Görüntülediğiniz mahkeme kararı henüz kesinleşmemiştir. Yararlı olması amacıyla eklenmiştir.
T.C.
İZMİR
BÖLGE ADLİYE MAHKEMESİ
11. HUKUK DAİRESİ
DOSYA NO : 2022/389
KARAR NO : 2022/383
T Ü R K M İ L L E T İ A D I N A
B Ö L G E A D L İ Y E M A H K E M E S İ K A R A R I
İNCELENEN KARARIN
MAHKEMESİ : İZMİR 5. ASLİYE TİCARET MAHKEMESİ
TARİHİ : 05/08/2021
NUMARASI : 2021/253 D.İş 2021/253 Karar
TALEBİN KONUSU : İhtiyati Tedbir
KARAR TARİHİ : 04.03.2022
KARAR YAZIM TARİHİ : 04.03.2022
İzmir 5. Asliye Ticaret Mahkemesinin 05.08.2021 tarih 2021/253 D.İş 2021/253 Karar sayılı kararın Dairemizce incelenmesi ihtiyati tedbir isteyen vekili tarafından istenmiş ve istinaf dilekçesinin süresi içinde verildiği anlaşılmış olmakla, başkan … tarafından düzenlenen rapor dinlenip, dosya içerisindeki tüm belgeler okunup, incelendi.
GEREĞİ DÜŞÜNÜLDÜ :
TALEP : İhtiyati tedbir talep eden vekili, 17.06.2021 tanzim, 10.07.2021 vade tarihli ve 150.000,00 TL bedelli senedin karşı taraça ödenmek üzere müvekkilinden talepte bulunulduğunu, bu sebepten dolayı herhangi bir borçlarının olmadığını daha sonra açılacak menfi tespit davasında ticari defterlerinin incelenmesi sonucunda bu hususun ortaya çıkacağını ileri sürerek senet bedelinin davalıya veya 3.kişilere ödenmesinin engellenmesi için icra takipleri ile ilgili takibe konu edilmemesi konusunda ihtiyati tedbir kararı verilmesini talep etmiştir.

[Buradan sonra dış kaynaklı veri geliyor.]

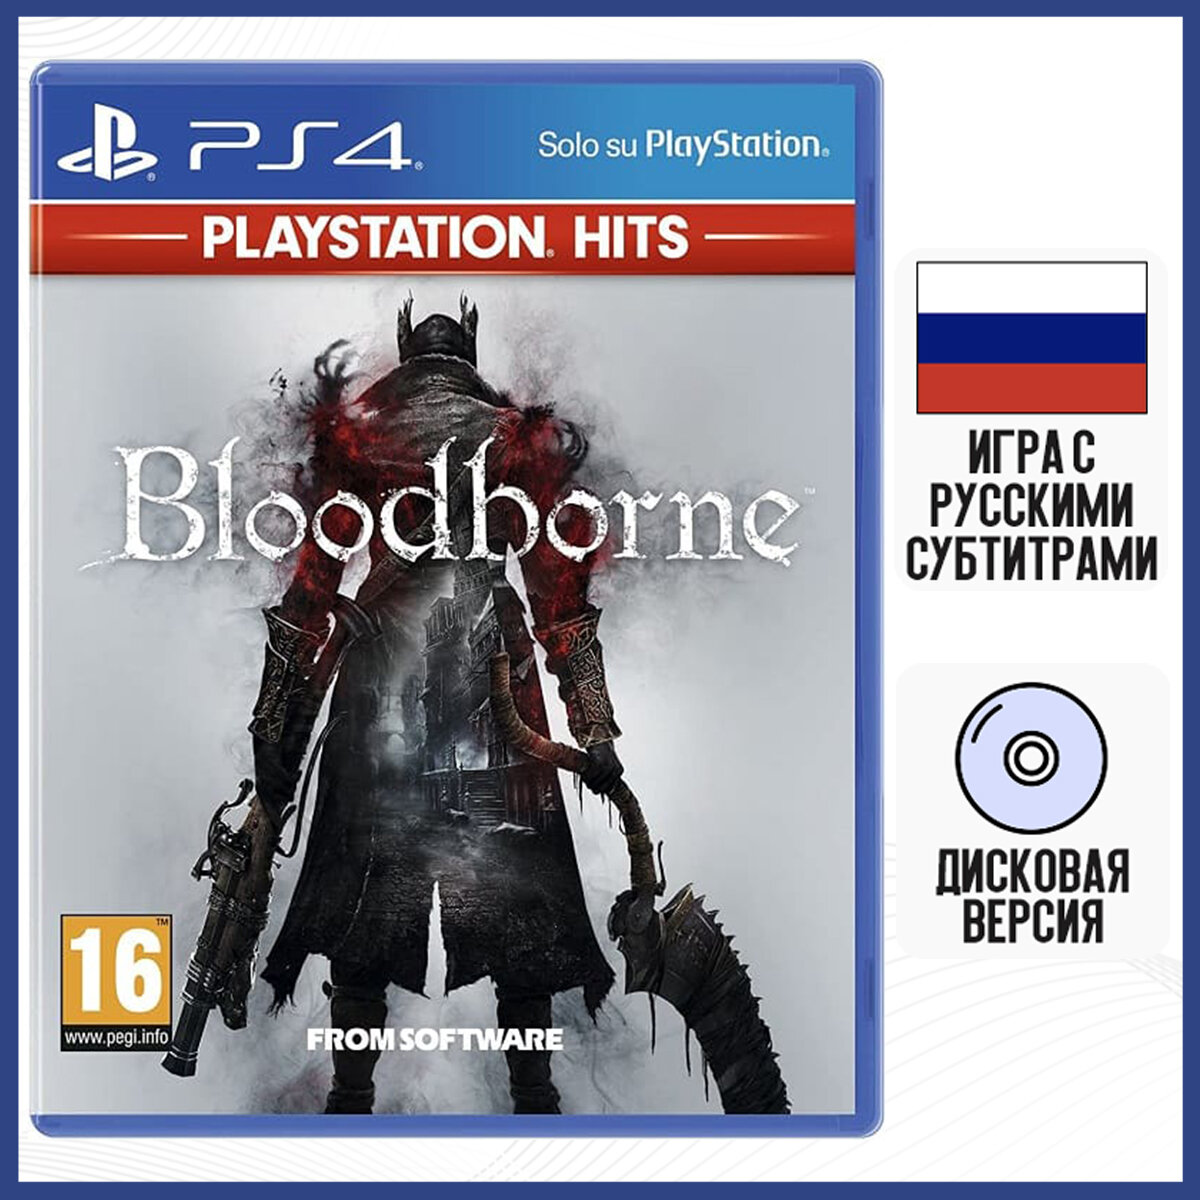 Игра Bloodborne - Playstation Hits (PS4, русские субтитры)

İLK DERECE MAHKEMESİ KARARININ ÖZETİ : Mahkemece, söz konusu tedbir talebinin esas hakkında zorunlu arabuluculuk dava şartına başvurmaksızın açılabilecek davada veya sonraki aşamalarda istenebileceği, ayrıca tedbir talep edenin talebi açısından hukuki yararı bulunmadığı kanaatine varılarak talebin reddine karar verilmiştir.
Karara karşı ihtiyati tedbir talep eden vekili tarafından istinaf yoluna başvurulmuştur.
İSTİNAF NEDENLERİ : İhtiyati tedbir talep eden vekili, alınan kararların usul ve yasaya aykırı olduğunu, ticari davalarda TTK’nın 5/a maddesi uyarınca arabuluculuk dava şartının kabul edildiğini, bu konuda kararlar bulunduğunu, davanın zorunlu arabuluculuğa tabi olduğunun açık olup açılacak menfi tespit davasında zorunlu arabuluculuk süresi geçirilene kadar müvekkili aleyhine muhtemel icra takipleri nedeniyle telafisi güç zarara upramaması adına senedin takibe konu edilmemesi yönünde ihtiyati tedbir kararı verilmesi gerektiğini ileri sürerek kararın kaldırılmasını istinaf konusu etmiştir.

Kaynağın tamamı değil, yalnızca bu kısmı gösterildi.